When we unconsciously complete our respective destinies with the characters in the film, you will be pleasantly surprised to find that, with "one"
south of the old
Old Things in the South of the City is an autobiographical work by Lin, a famous female writer. It is a novel set in her life from the age of seven to thirteen, and it is also her masterpiece. It describes a warm and happy Eiko family who lived in a quadrangle in the south of Beijing in the 1920s. Through the childish eyes of the protagonist Eiko, the joys and sorrows of the adult world are shown to the world. There is an unspeakable innocence, but it tells the complicated feelings of the world. Old Stories in the South of the City was selected as "Top 100 China Novels in the 20th Century" by Asia Weekly. It was put on the screen in the 1980s and won many awards such as "Golden Rooster Award for Chinese Movies", which touched a generation. Full of nostalgic tone, it expresses its multi-level emotional color in a natural and seamless way. Everything in the book is so orderly. Slow flowing water, slow camel team, slowly passing crowd, slowly passing years ... The perfect combination of scenery, events, people, things and feelings is like an elegant and implicit poem. More than half a century ago, the little girl Lin followed her parents across the ocean from Taiwan Province Province to Beijing and lived in an alley in the south of Beijing. The battlements in the ancient capital Beijing, camel bells in the sunset, back streets and alleys in downtown areas … all these make Eiko feel novel and fascinated. The crazy woman in front of the guild hall, covered in striped little female companions, thieves haunting in weeds, Ma Song, the wet nurse who accompanied her day and night, and her loving father who was addicted to dying underground ... all played, laughed and lived with Eiko, and their voices and smiles were still there, but they all quietly left. Why is the world so miserable? The unreasonable Eiko pondered for a long time but could not understand.
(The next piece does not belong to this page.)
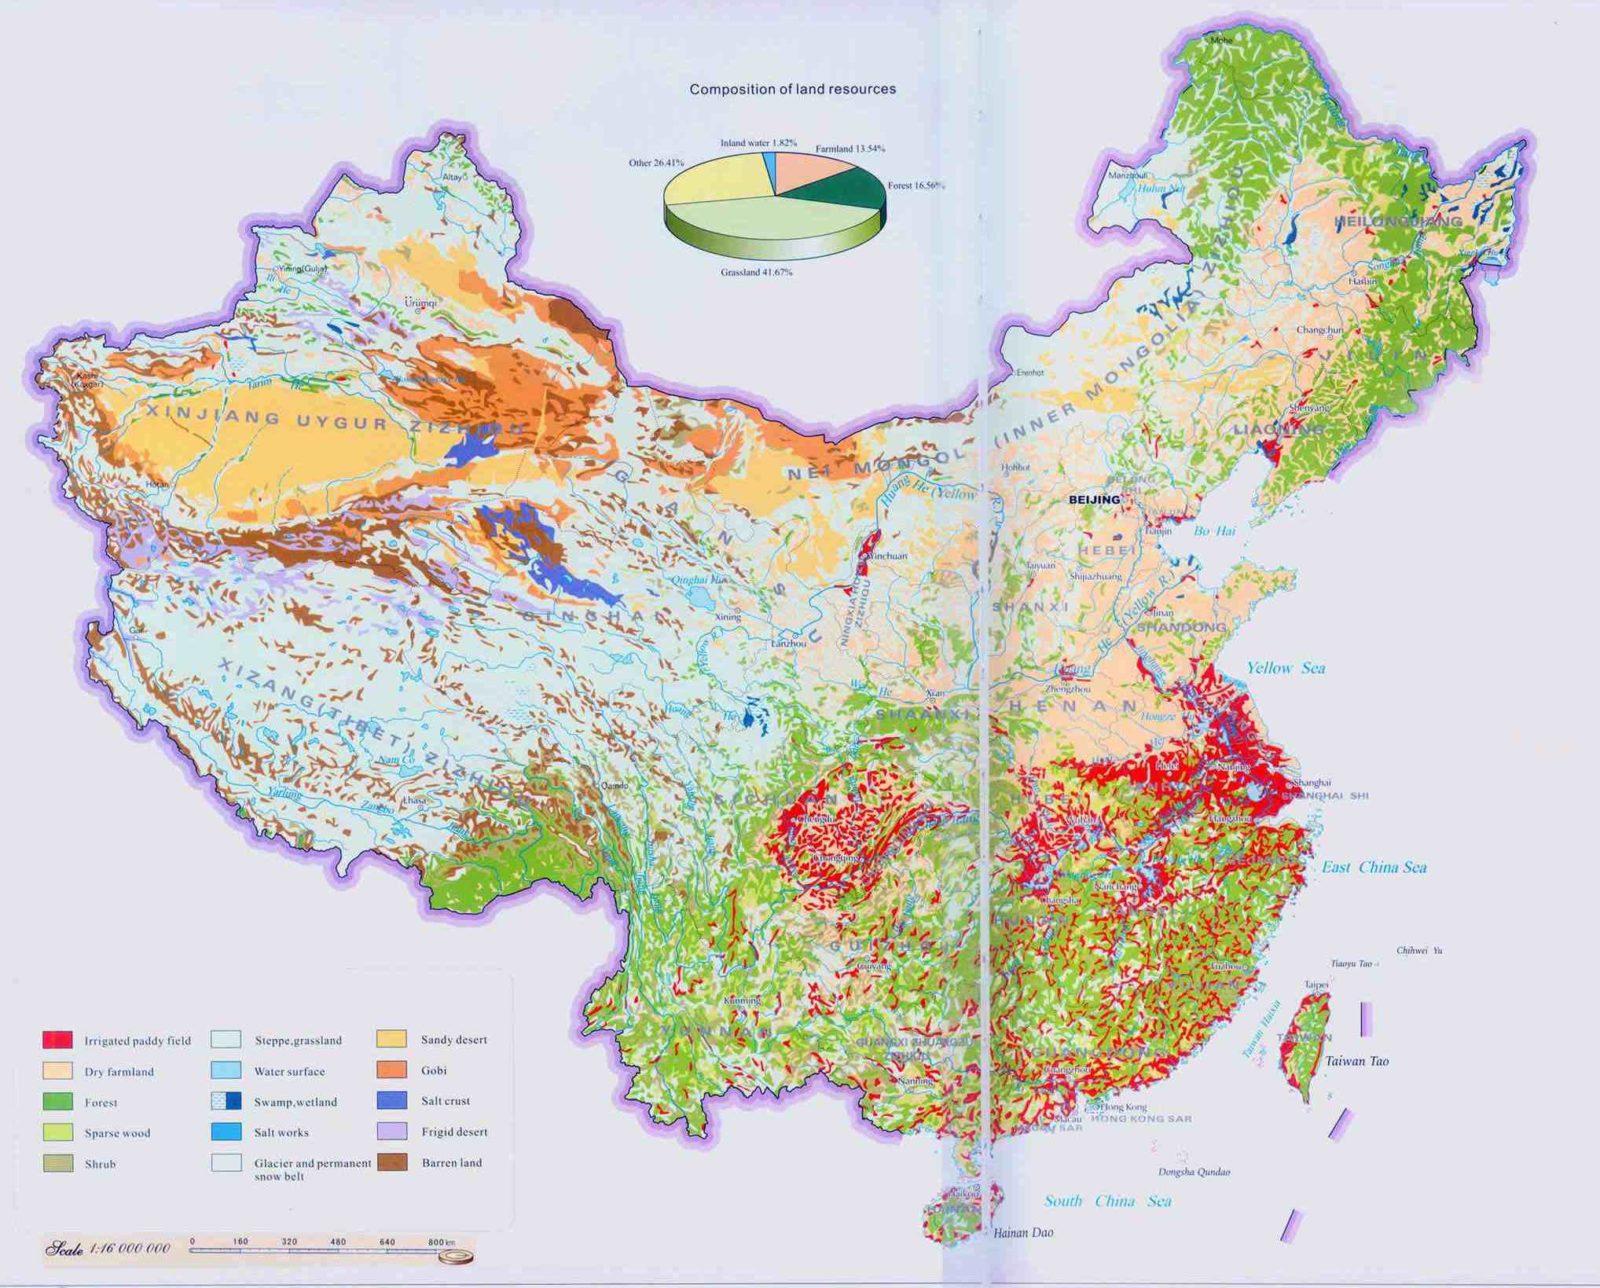 Land Composition Map

After more than 50 years, wanderers in Beijing are still obsessed with all this. That faint sadness, that heavy lovesickness, was deeply imprinted in her childhood memory and never faded, which deeply touched me.
Reading "Old Things in the South of the City" makes my heart a little warm, because I rarely see such exquisite things, because she does not deliberately express anything, but calmly depicts old Beijing in the eyes of a child scene by scene, just like living and talking about herself. So relaxed and gentle, so pure and indifferent, so long-lasting, so full of human fireworks, but without any pursuit of fame and fortune.